Sometimes I weary of all the nice people around me. This probably makes me seem like the ultimate curmudgeon, but stay with me for a bit and I’ll explain what I mean.
Good evening and welcome to Monday Group Meditation. We will be sitting from 7:30 to 11:00 PM Eastern Time. It is not necessary to sit for the entire extended time, which is set up to make it convenient for people in four North American Time Zones; sit for as long as you like and when it is most convenient for you. Monday Group Meditation is open to everyone, believers and non-believers, who are interested in gathering in silence. If you are new to meditation and would like to try it for yourself, Mindful Nature gave a good description of one way to meditate in an earlier diary, copied and pasted below:
"It is a matter of focusing attention mostly. In many traditions, the idea is to sit and focus on the rising and falling of the breath. Not controlling it, but sitting in a relaxed fashion and merely observing experiences of breathing, sounds, etc. Be aware of your thoughts, but don't engage in them. When your mind wanders (it will, often), then return to focus on breath and repeat."
Sangha Co-hosts for meditation are:
7:30 - 10:00 Ooooh and davehouck
9:30 - 11:00 thanatokephaloides
|
I know so many nice people who have become bitter as they age, they have spent their entire lives trying to maintain harmony and keep everyone happy. They’ve given up large parts of themselves in order to keep peace. Eventually they turn a corner in life and realize that no matter how much energy they expend they cannot, ultimately, maintain constant harmony; or perhaps as they age they just no longer have the energy to force niceness, and they spend the rest of their lives bitter old people.
It is fundamentally impossible to maintain harmony all the time, life just doesn’t roll that way. And ego driven human nature is too full of self interest to be fundamentally nice; so when people force themselves to always maintain an outward veneer of niceness, it takes a large amount of energy to deny the parts of themselves they do not want to share with others, and most of the time they do not even want to see that darkness in themselves either.
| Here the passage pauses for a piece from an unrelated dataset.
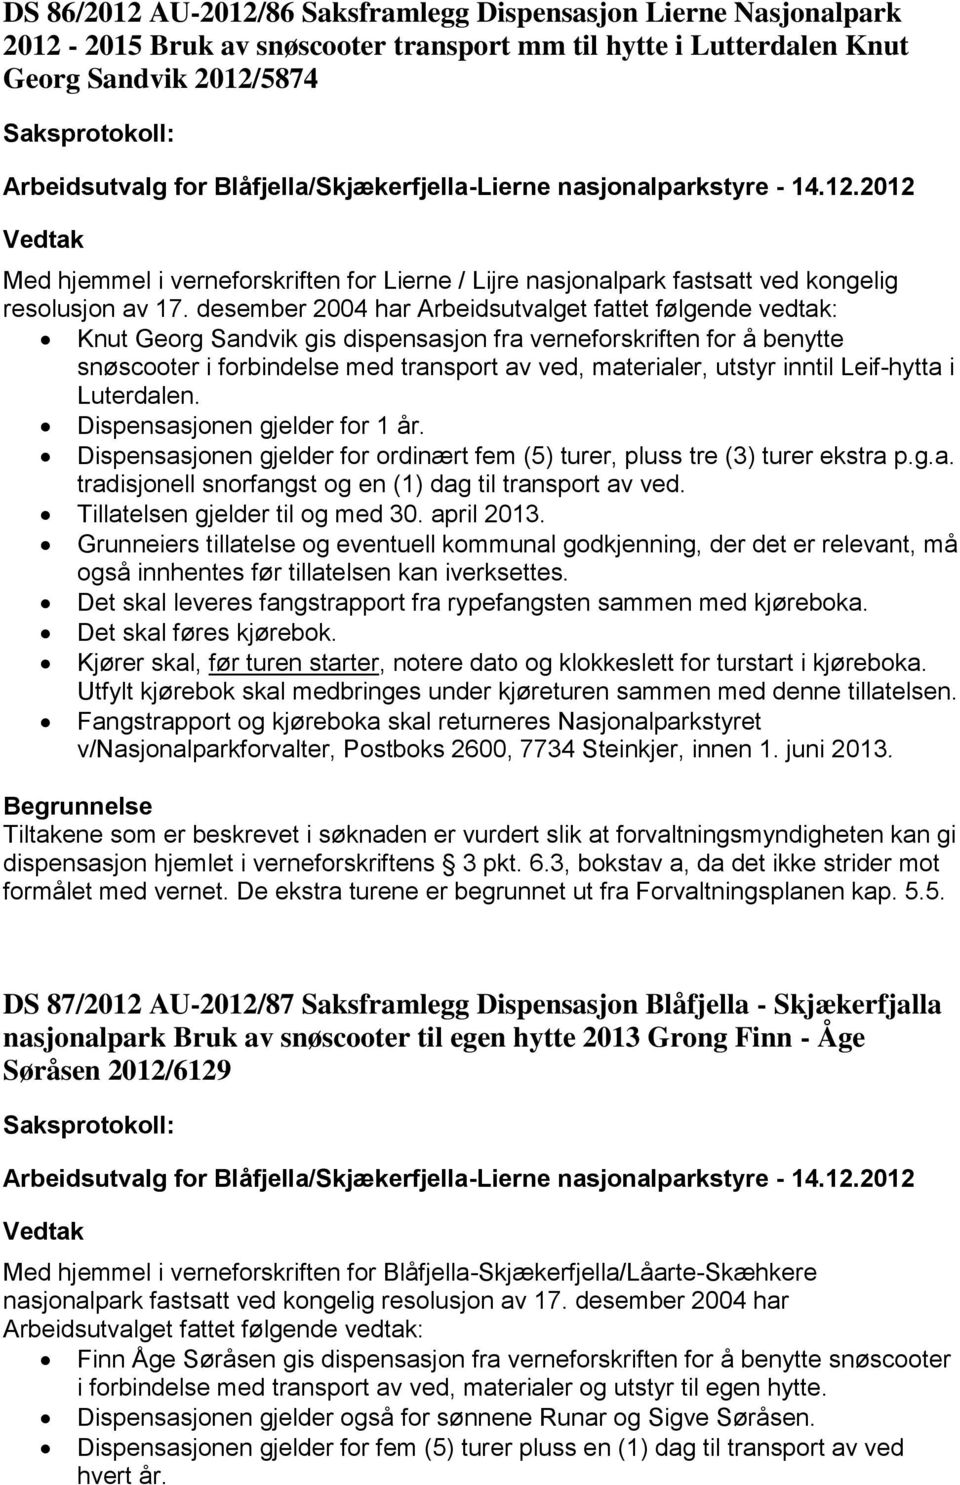 desember 2004 har Knut Georg Sandvik gis dispensasjon fra verneforskriften for å benytte snøscooter i forbindelse med transport av ved, materialer, utstyr inntil Leif-hytta i Luterdalen.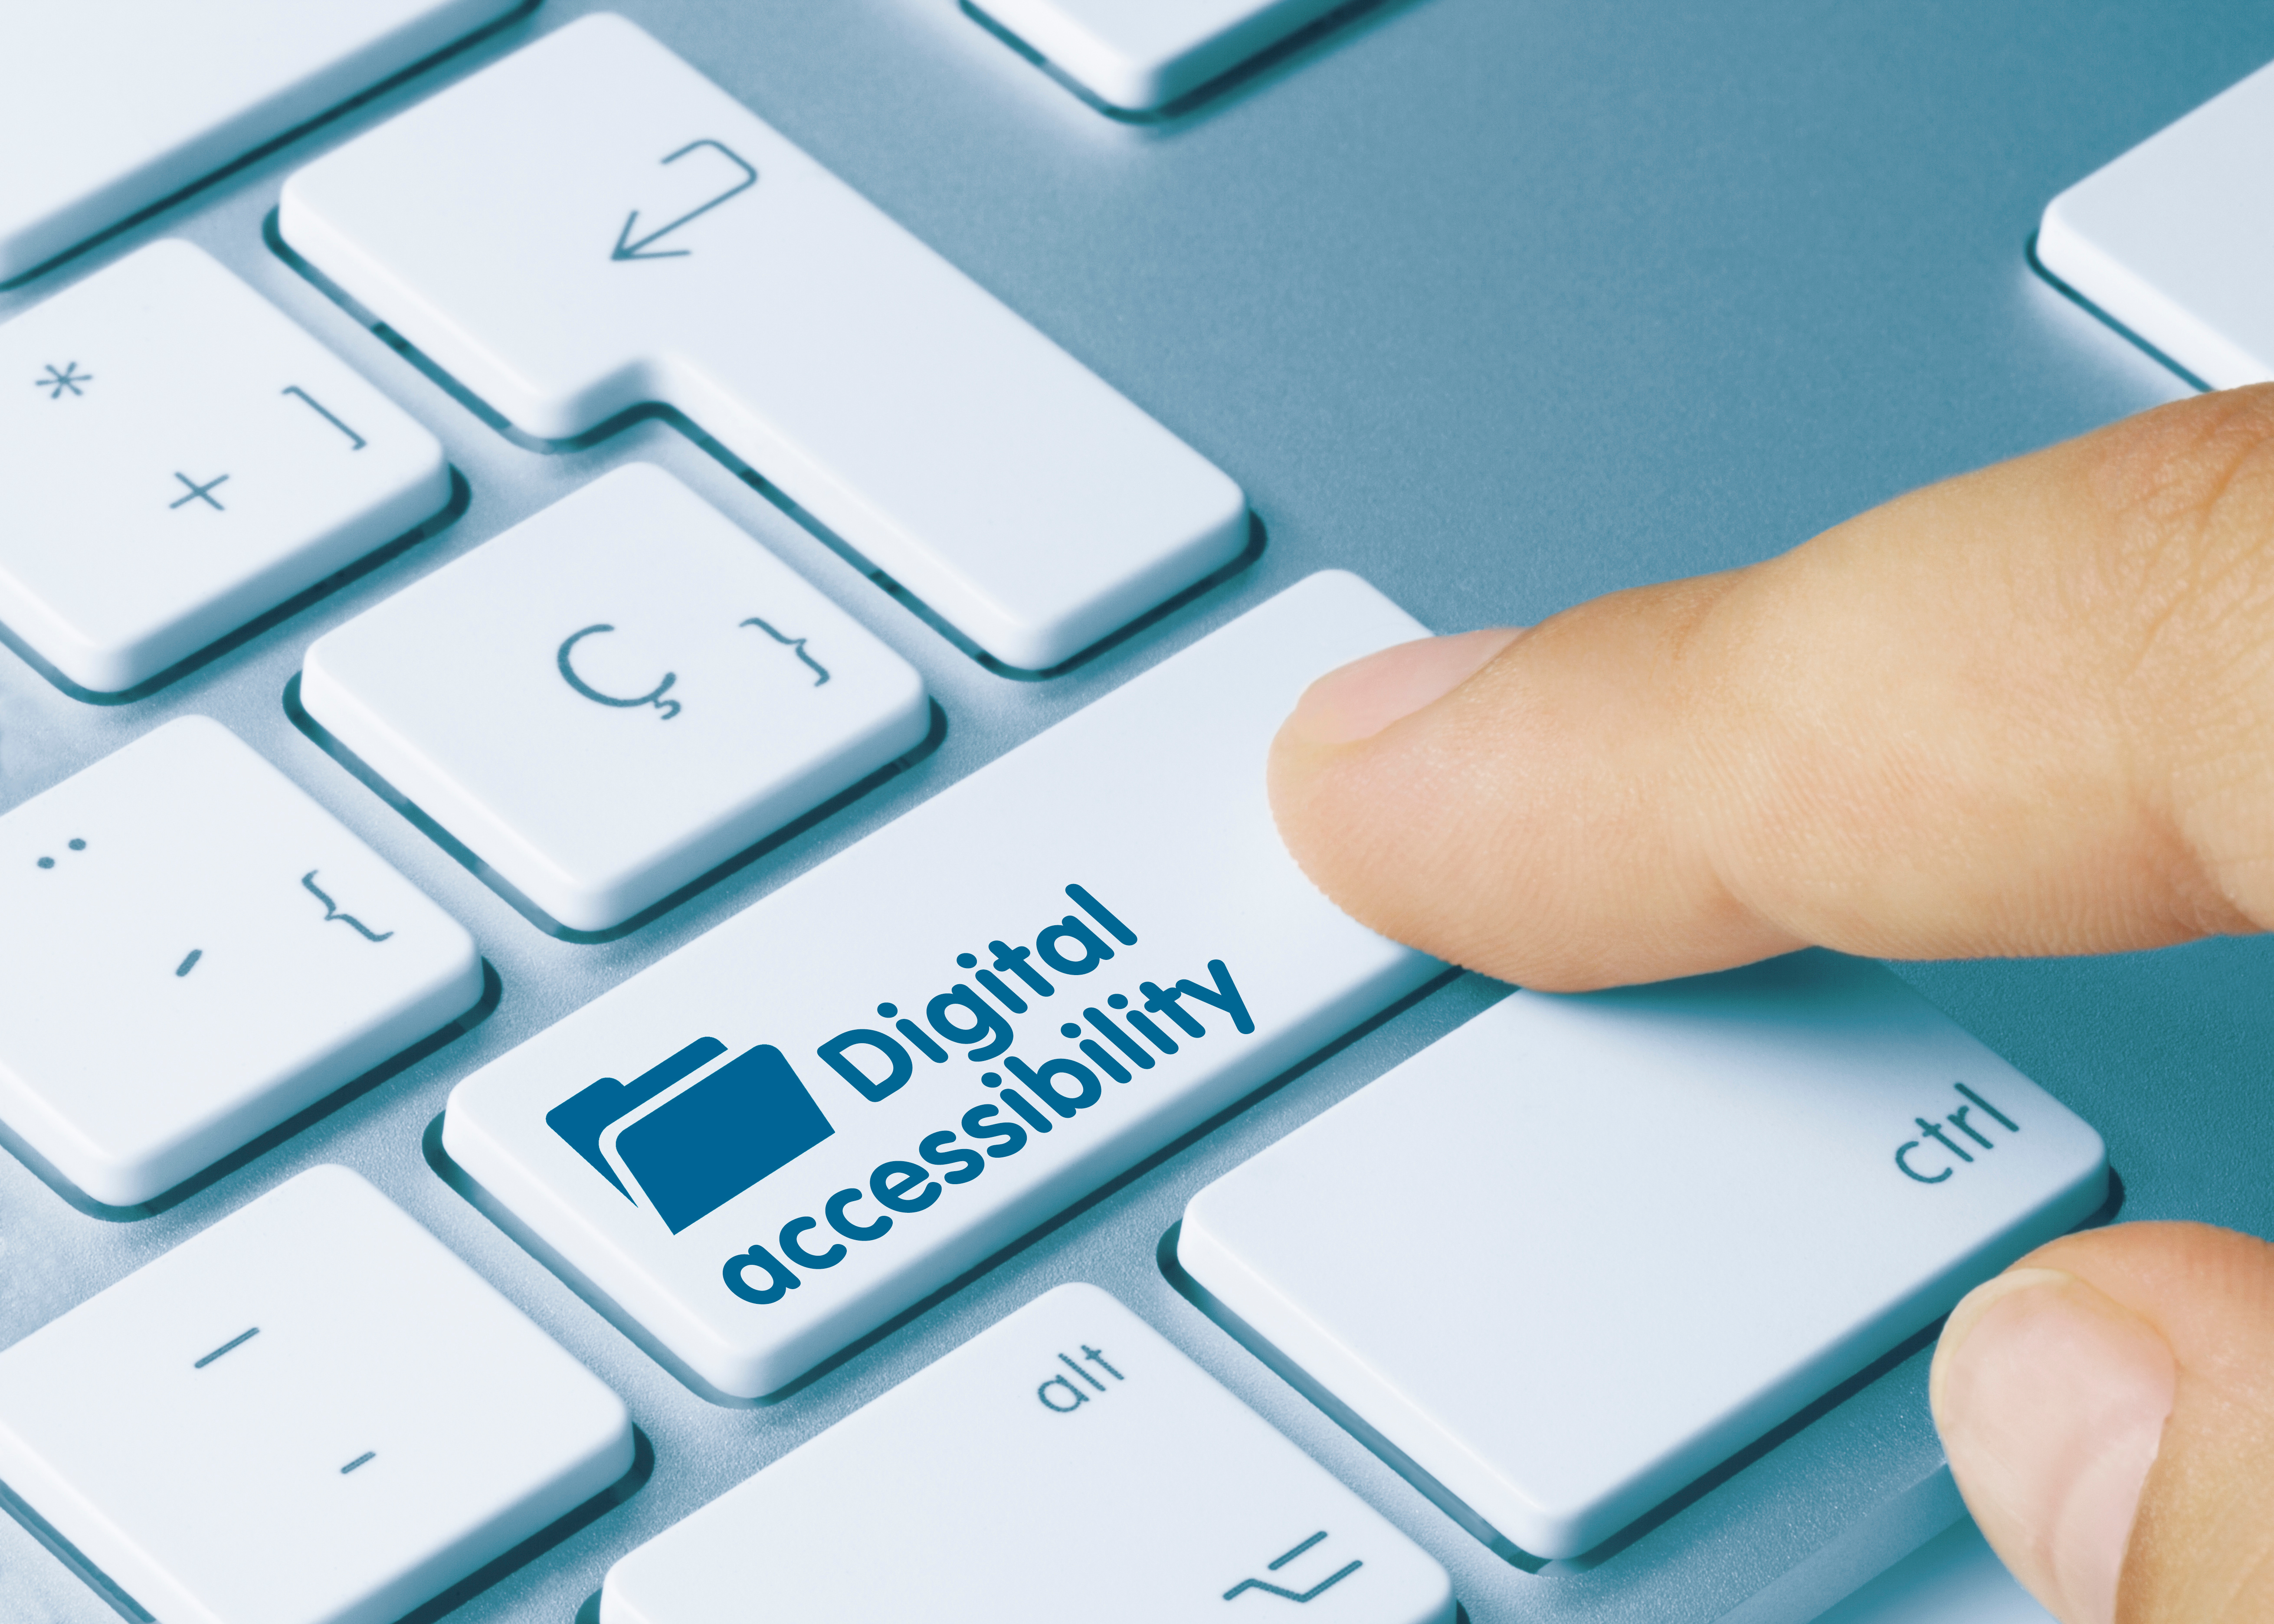 Eine Taste auf der Tastatur mit der Aufschrift "Digital Accessibility"

It can be partially traced, I suspect, to a lack of a cultural spiritual tradition in the West which encourages self-awareness.
Valuing niceness and harmony above all takes extraordinary amounts of energy, that there are so many people who face life in this fashion leads to an striking personal imbalances, but also, here in the West where it is so prevalent it leads to enormous cultural imbalances. We can see it’s evidence in the rise of the Tea Party, and in the vast effect Fox News has had in distorting reality and manipulating people who are already unhappy, into giving self righteous voice to vent their deepest unexpressed rage. It sometimes manifests here on Dkos too, have you ever seen a kossack who you’ve respected and thought of as nice suddenly turn on another Kossack for proposing a concept out of that first kossack's range of approval? It can get ugly.
When I am around people who are perpetually nice it exhausts me, because I can feel their strenuous effort to remain always nice. So it is always my preference to spend time with people who are willing to be real, and who let me be real as well.
Let me pass the time with people who are free enough to be nice and NOT nice, let me spend my days with those who know both their lightness and their darkness, people who are acquainted with their strengths and their weakness and who are comfortable allowing all of that to arise in me. Let me spend my limited time with people who are comfortable with paradox and ambiguity. Let me spend my days with people who know the difference between compassion and niceness, and let us laugh gently at ourselves when we see our human weaknesses. Let us burst free of the tyranny of niceness and rejoice in being real with each other.